In 2010, physicists Martin Dominik and John Zarnecki ran a Royal Society conference, Towards a Scientific and Societal Agenda on Extra-Terrestrial Life addressing scientific, legal, ethical, and political issues around the search for extra-terrestrial intelligence (SETI). Philosopher Clement Vidal and I both spoke at that conference. It was the first academic venue where I presented my Transcension Hypothesis, the idea that advanced intelligence everywhere may be developmentally-fated to venture into inner space, into increasingly local and miniaturized domains, with ever-greater density and interiority (simulation capacity, feelings, consciousness), rather than to expand into “outer space”, the more complex it becomes. When this process is taken to its physical limit, we get black-hole-like domains, which a few astrophysicists have speculated may allow us to “instantly” connect with all the other advanced civilizations which have entered a similar domain. Presumably each of these intelligent civilizations will then compare and contrast our locally unique, finite and incomplete science, experiences and wisdom, and if we are lucky, go on to make something even more complex and adaptive (a new network? a universe?) in the next cycle.

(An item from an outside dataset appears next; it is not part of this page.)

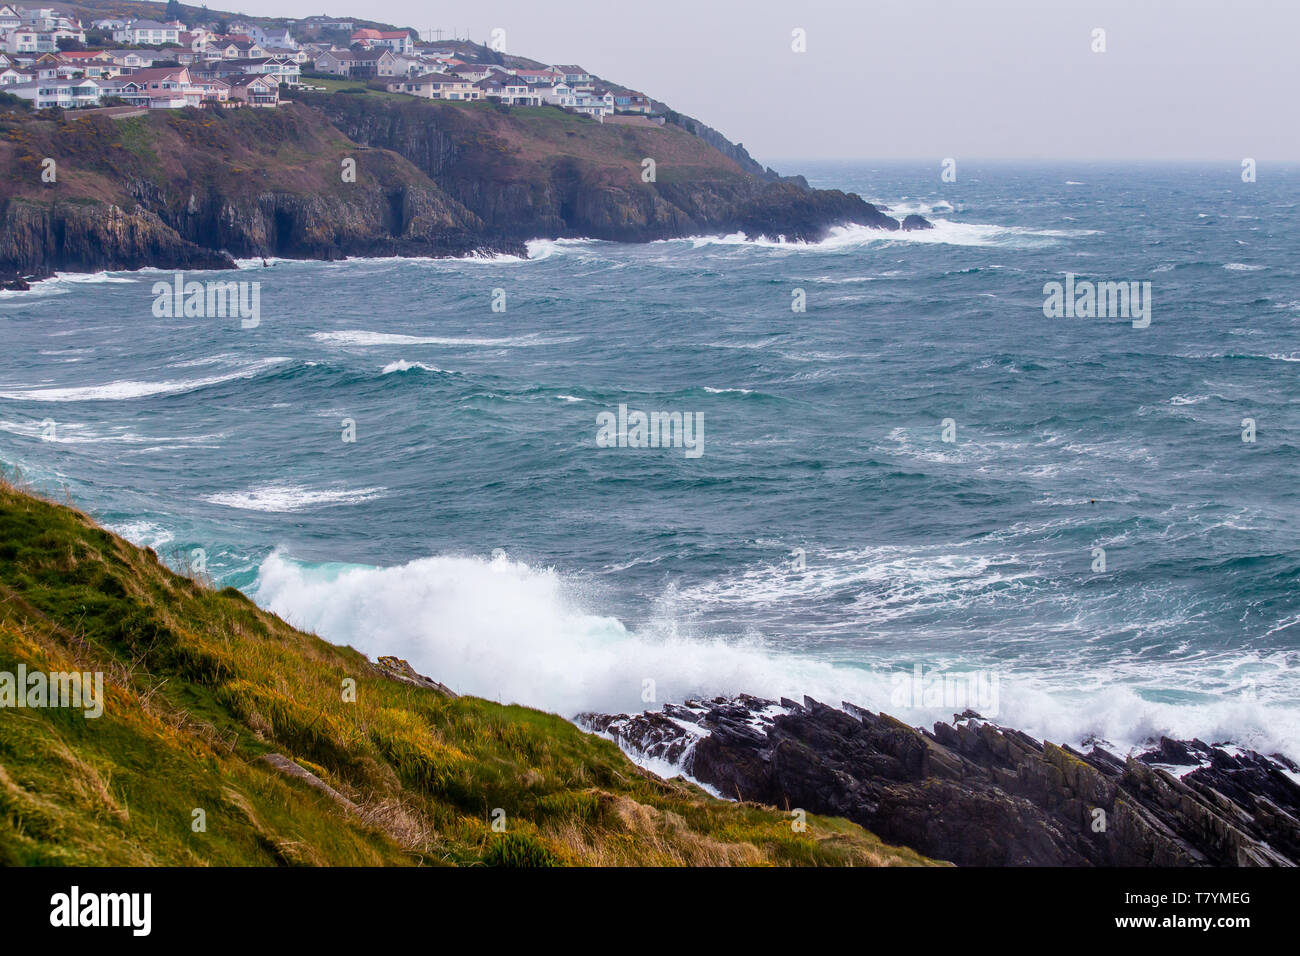 Waves crashing ashore during a storm at Onchan Head near Douglas, Isle of Man Stock Photo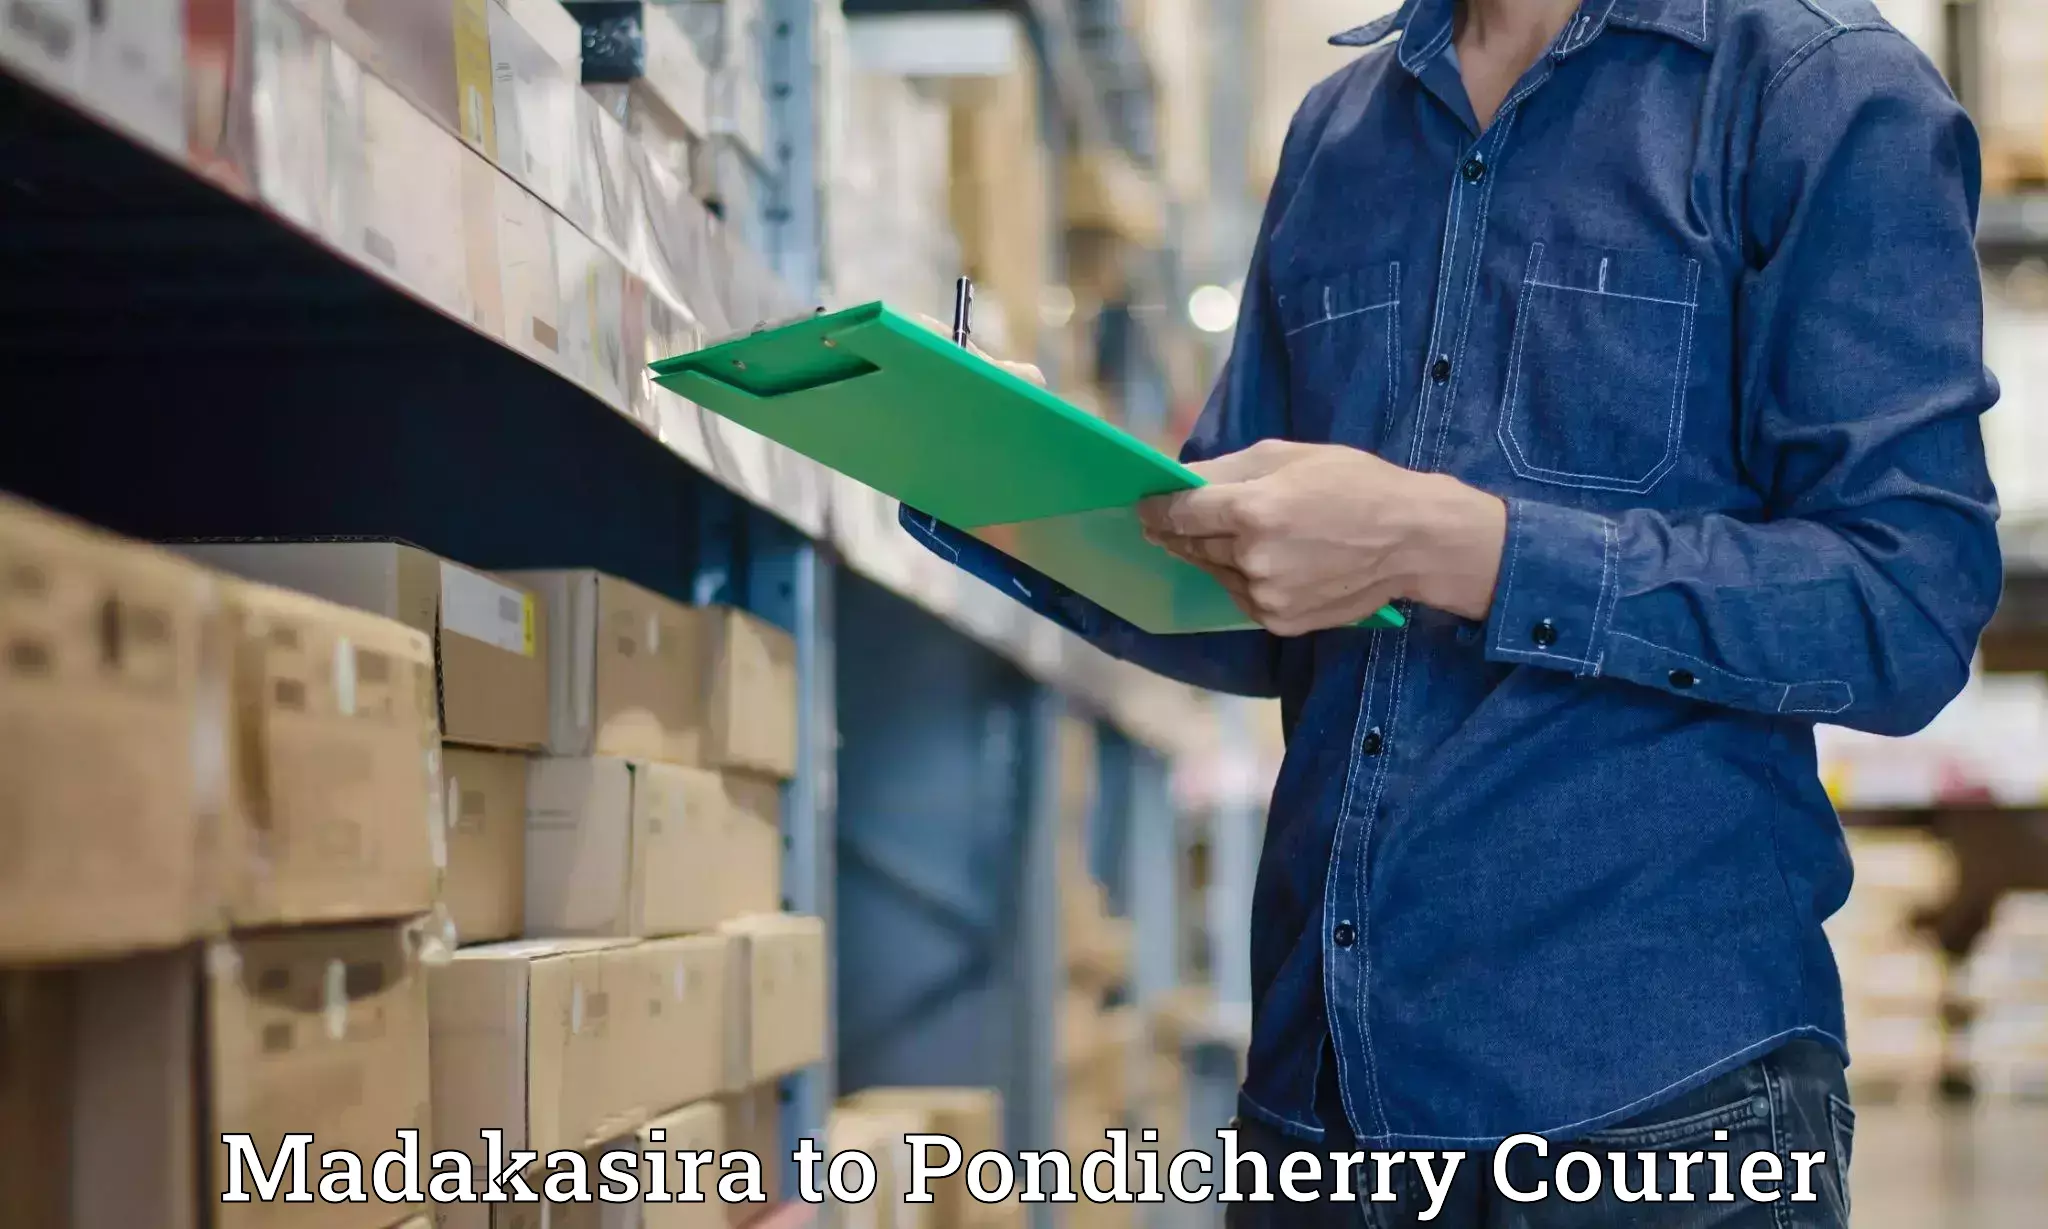 User-friendly courier app Madakasira to Pondicherry

Clement and I co-founded our Evo-Devo Universe complexity research and discussion community in 2008 to explore the nature of our universe and its subsystems. Just as there are both evolutionary and developmental processes operating in living systems, with evolutionary processes being experimental, divergent, and unpredictable, and developmental processes being conservative, convergent, and predictable, we think that both evo and devo processes operate in our universe as well. If our universe is a replicating system, as several cosmologists believe, and if it exists in some larger environment, aka, the multiverse, it is plausible that both evolutionary and developmental processes would self-organize, under selection, to be of use to the universe as complex system. With respect to universal intelligence, it seems reasonable that both evolutionary diversity, with many unique local intelligences, and developmental convergence, with all such intelligences going through predictable hierarchical emergences and a life cycle, would emerge, just as both evolutionary and developmental processes regulate all living intelligences.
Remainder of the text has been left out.